Daleks, Death Stars and Dreamy Sci-Fi Nostalgia…

Extracts from Bob’s 1984 Diary… Volume 313

Thursday 8th November 1984

I got up at 8.15, then Doug and Gaz came and we went to school. First was Science, then Music. Last was Geog, then at 12.00 I had dinner. Next was DT and after that was RE and History.

At 3.40 Doug came and borrowed a spanner from my house, then I did some more of the cover for Iceworld Adventure. At 5.00 I had tea, and at 5.30 I watched Grange Hill. Then I did homework.
At 8.00 I watched Don’t wait up, at 8.30 I watched Zoo 2000, and at 9.00 I went to bed.

Bless you, Mr Warren! One of the most amazing and downright fun hours of science I ever had at school. Why? Because this was the day we looked at wibbly-wobbly grotties through a microscope!

(We had to write the boring theory first, of course. This is what we were looking for, a few cheeky Protozoa floating around on little plastic slides dotted with drops of pond water…)

Amazing though it sounds for one so geeky and downright swottish, I’d never looked down a microscope before. They were contraptions that I’d only ever seen in bubbling laboratories in Children’s Film Foundation productions (usually with a grumpy, whiskery Patrick Troughton shooing flare-clared 1970s kiddies out of the door) or in boring Programmes For Schools and Colleges on BBC2 during rainy, illness-cursed afternoons at home.

I couldn’t wait to have a shuftie down a REAL LIFE MICROSCOPE though, and – fantastically – this is what myself, Jo Spayne, Chris Byers and Vince Potter saw on this dreary, overcast morning 25 years ago today… 

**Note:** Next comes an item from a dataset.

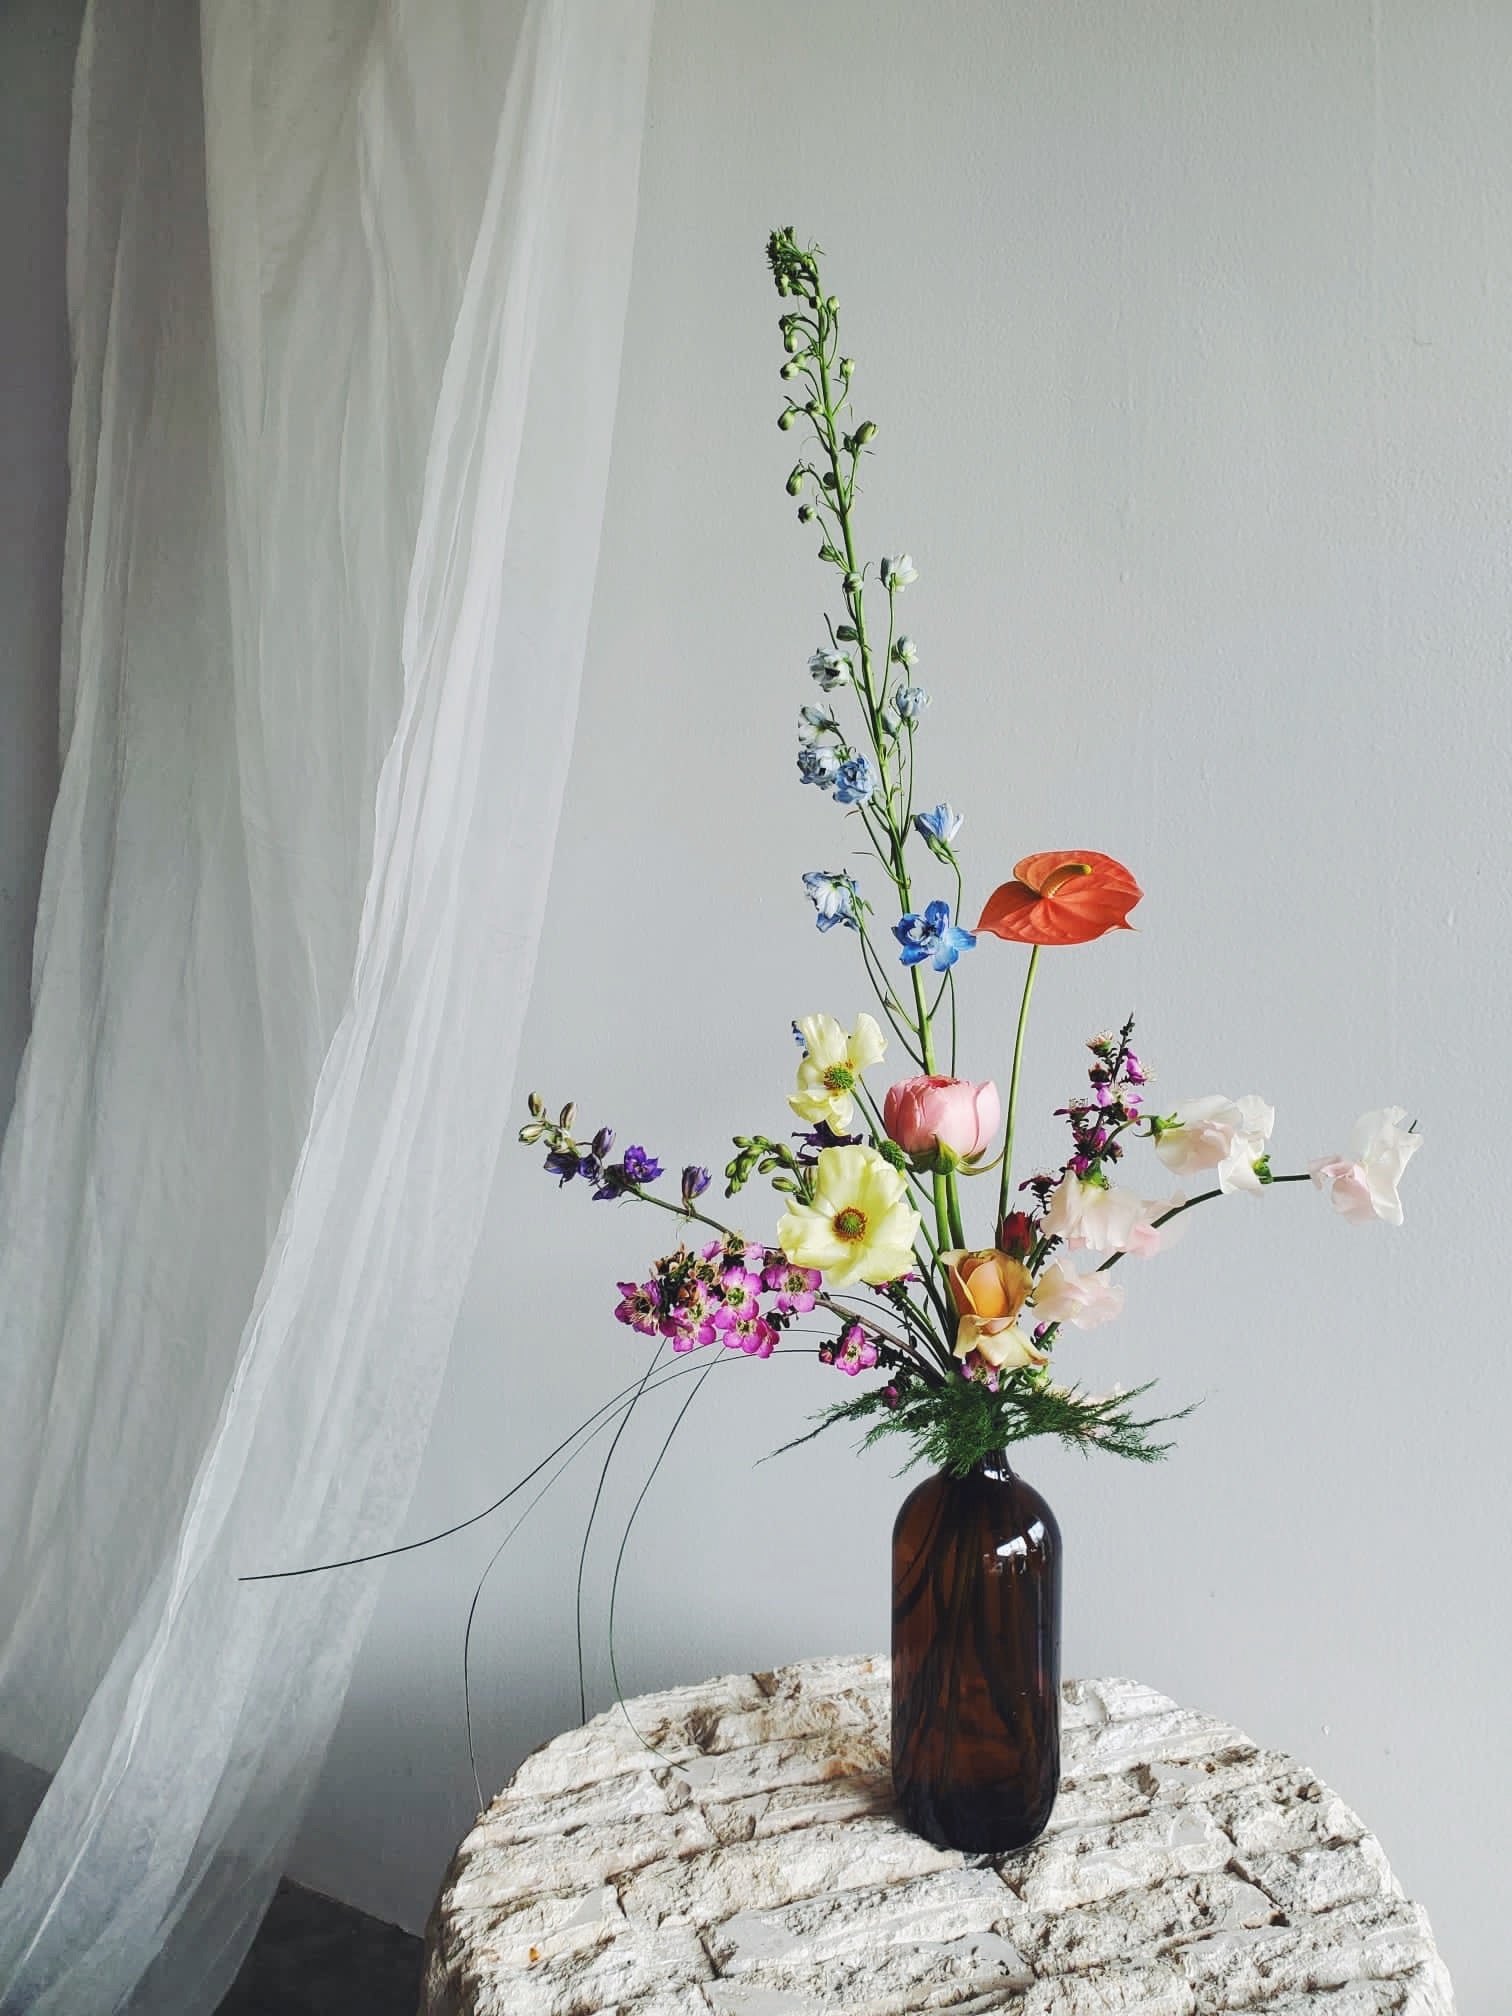 Flower Delivery Vancouver-The Bottle Arrangement-Flower Arrangements-Florist-The Wild Bunch Flower Shop

Yep, some real-life Parameciums floating around before our very eyes! Really, I was HUGELY excited by this. It felt like looking through a portal into a different dimension, a whole secret world of monsters and aliens living on a parallel plane of existance to my everyday humdrum universe of beans, chips, schoolwork and Spandau Ballet*. I think even Vince Potter got a bit over-excited and did a little Vorticella dance by the bunsen burners.

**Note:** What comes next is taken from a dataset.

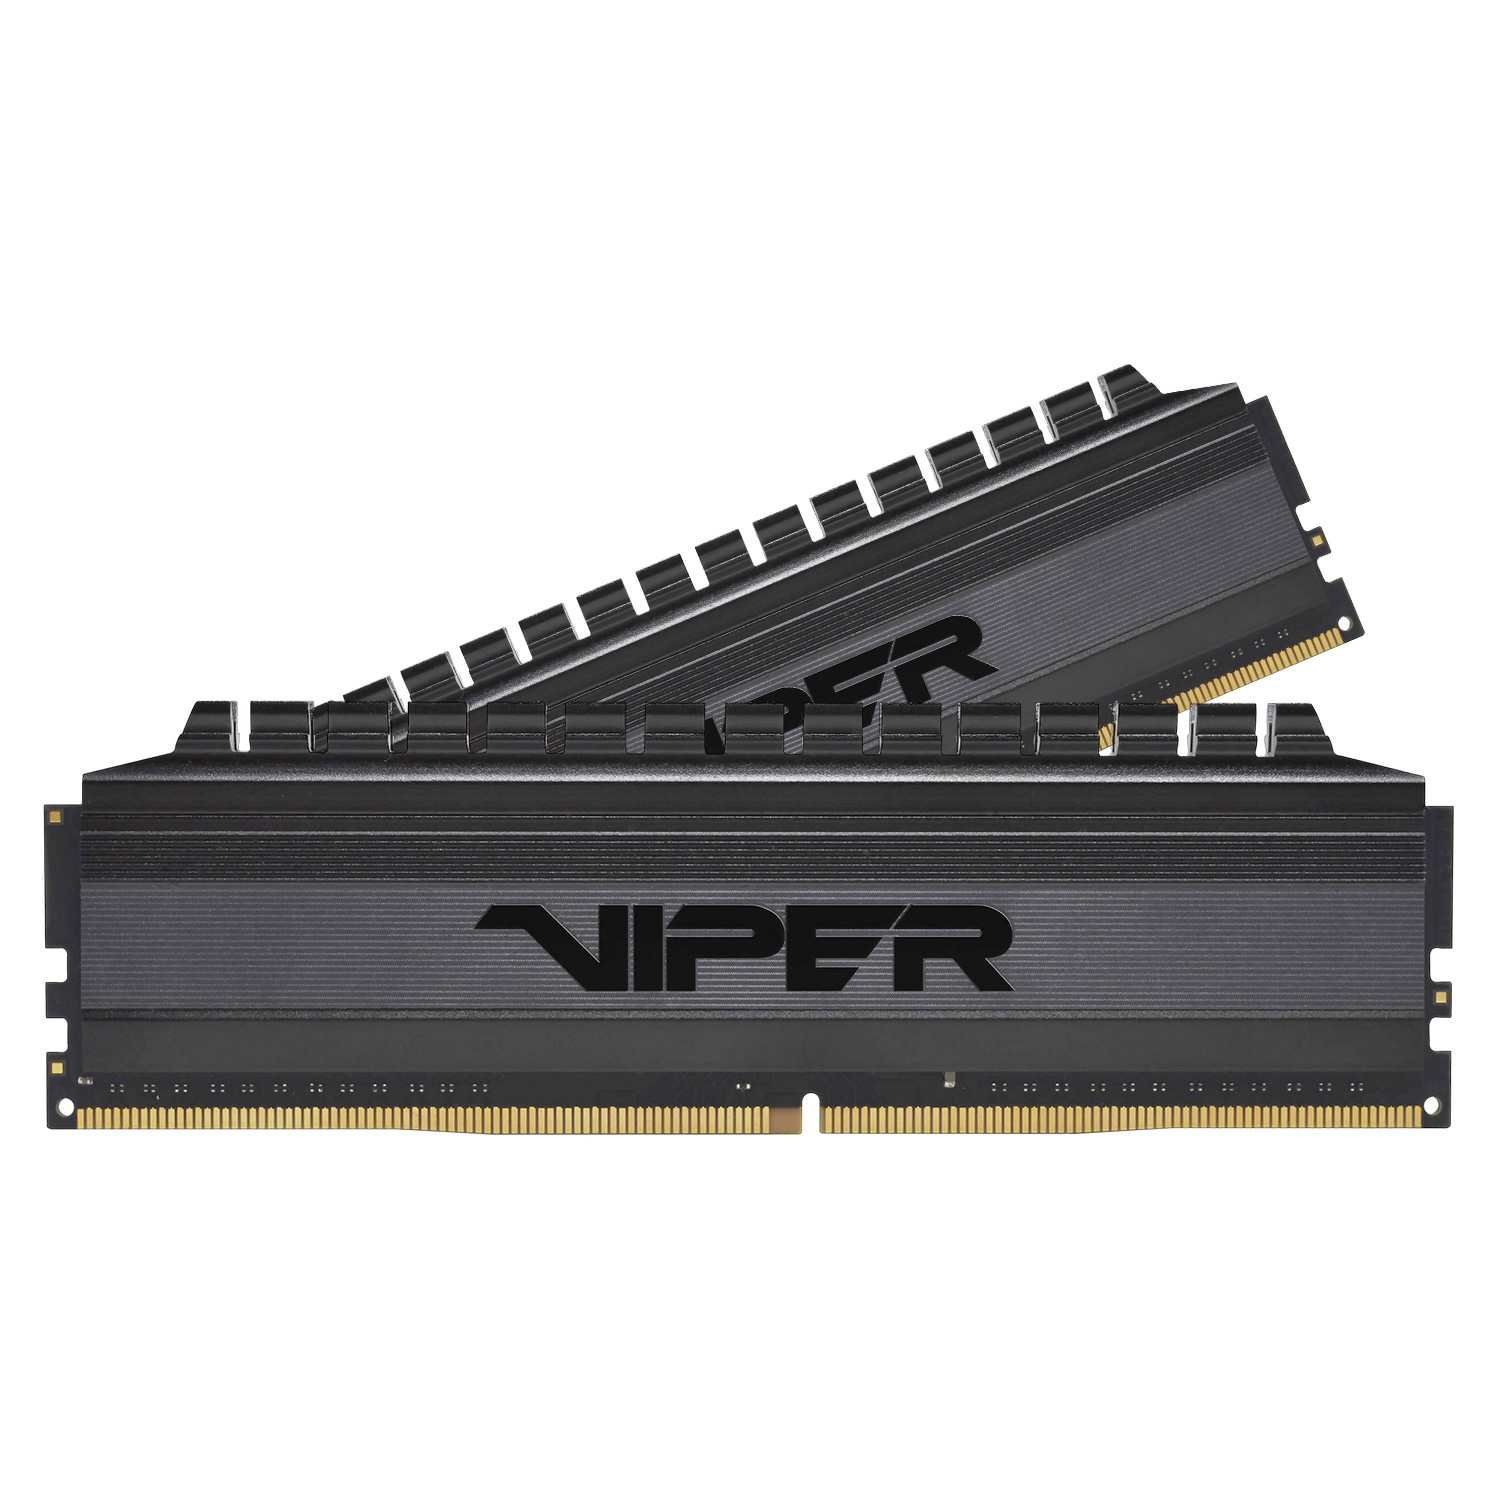 Memória RAM Patriot Viper 4 Blackout / 2x32GB / DDR4 / 3200MHz - (PVB464G320C6K)

*Actually, I take that back. There’s nothing humdrum about beans and chips.

Amazingly, this spirit of exciting classroom discovery continued into Music, where we studied a rum little tune that’s since become one of my favourite pieces of classical composition…

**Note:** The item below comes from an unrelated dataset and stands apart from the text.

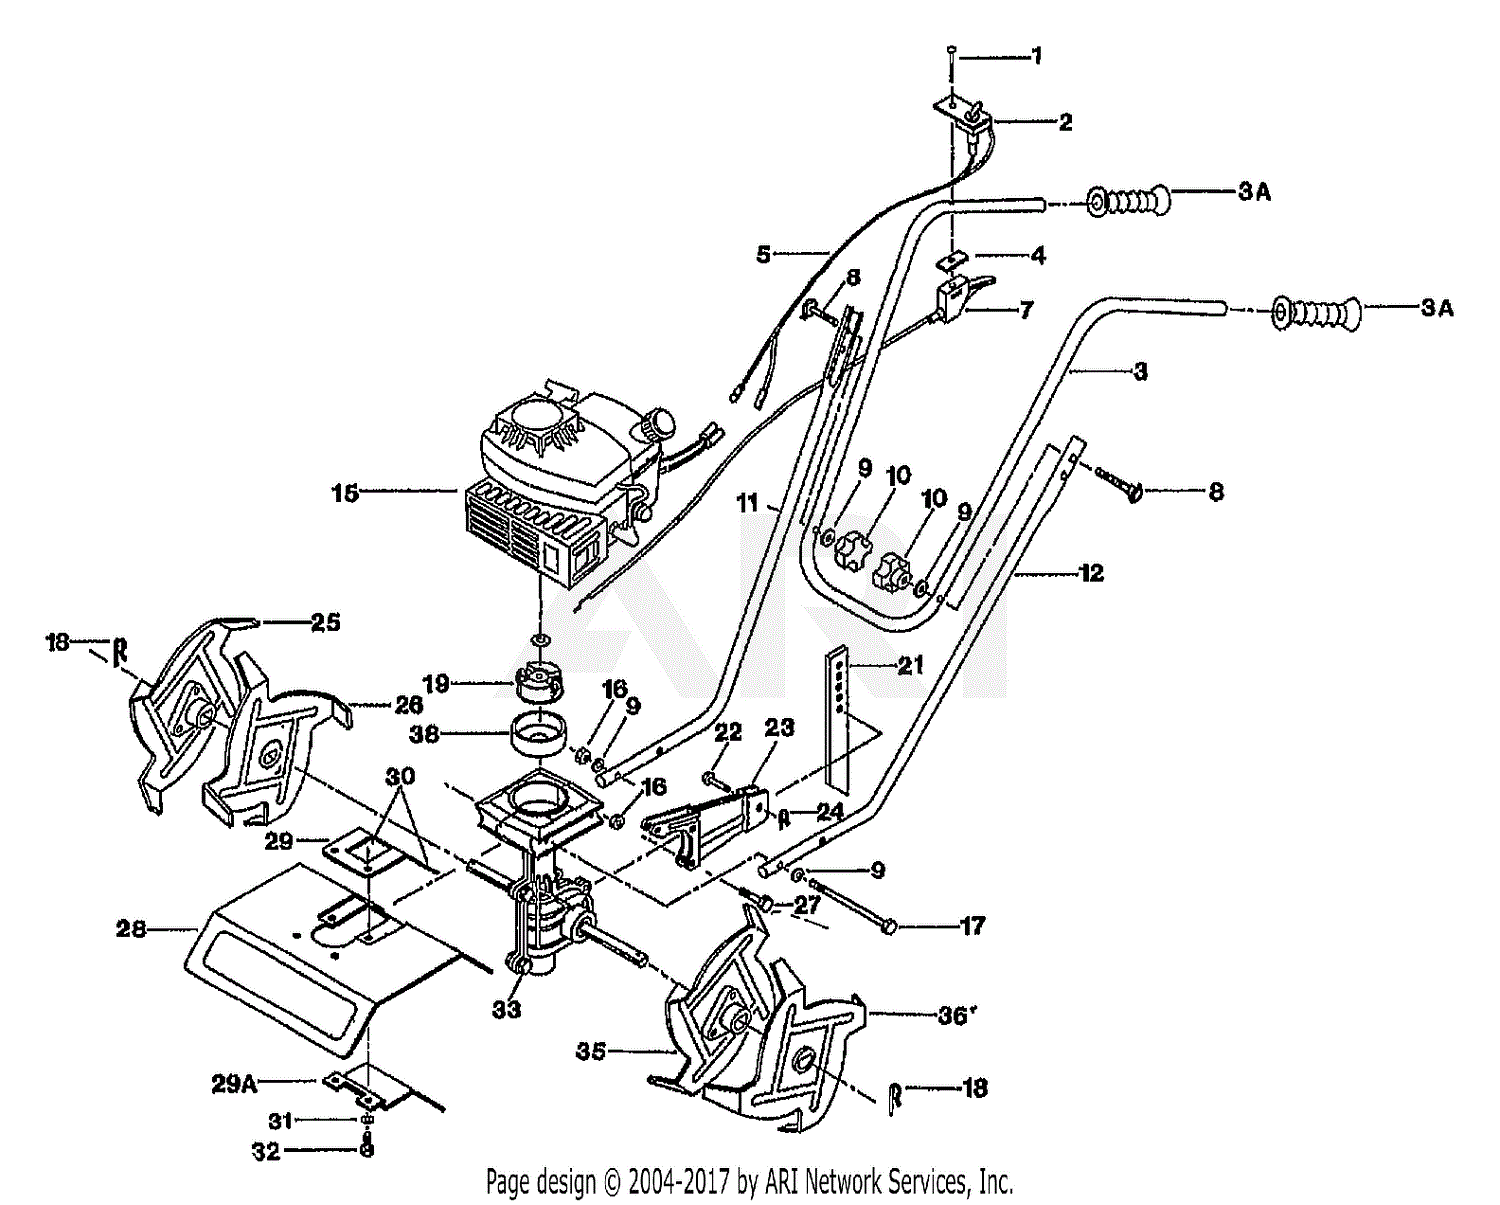 craftsman rear tine tiller transmission diagram

Yep, the amazing ‘Danse Macabre’ by Camille Saint-Saens. As played to us on a portable cassette recorder by Miss Stainsby, whose untamed, frizzy hair stood visibly on end as she enthusiastically talked us through the Grim Reaper fiddling wildly in a graveyard (cue titters from the lads) and leading an army of rotting skeletons into a frenzied jig around the tombstones. A bit like Michael Jackson’s Thriller video, but French. And with a better tune.

I was intrigued by the gruesome premise, and threw myself lustily into the comprehension exercise that followed…


A! Get in! Incidentally, prior to this, we’d studied Saint-Saens slightly-lesser known work ‘Carnival Of The Animals’, and I was equally fascinated by the brilliant sense of humour that runs through the whole fourteen-movement suite. Saint-Saens’ ‘animals’ include, perversely, both fossils and trainee pianists, whose movement consists entirely of discordant keyboard-hammering and the faltering practice of scales. I’d considered converting the whole lot into a ZX Spectrum game at one point. The only drawback being that, at this point in my life, I didn’t yet own a ZX Spectrum.

(Incidentally, Saint-Saens was also a fabulously grumpy and sarcastic old sod who – according to Wikipedia – stormed out of the première of Stravinsky’s The Rite of Spring, infuriated over what he considered the misuse of the bassoon in the ballet’s opening bars. Yay!)

So a fruitful school day all round, and with a bit of mystery and intrigue added right at the death. Why did Doug stop at my house on the way home to borrow a spanner? And why didn’t he just grab one from his own Dad’s copious toolkit? I can’t remember a single thing about this, so I guess we’ll never know.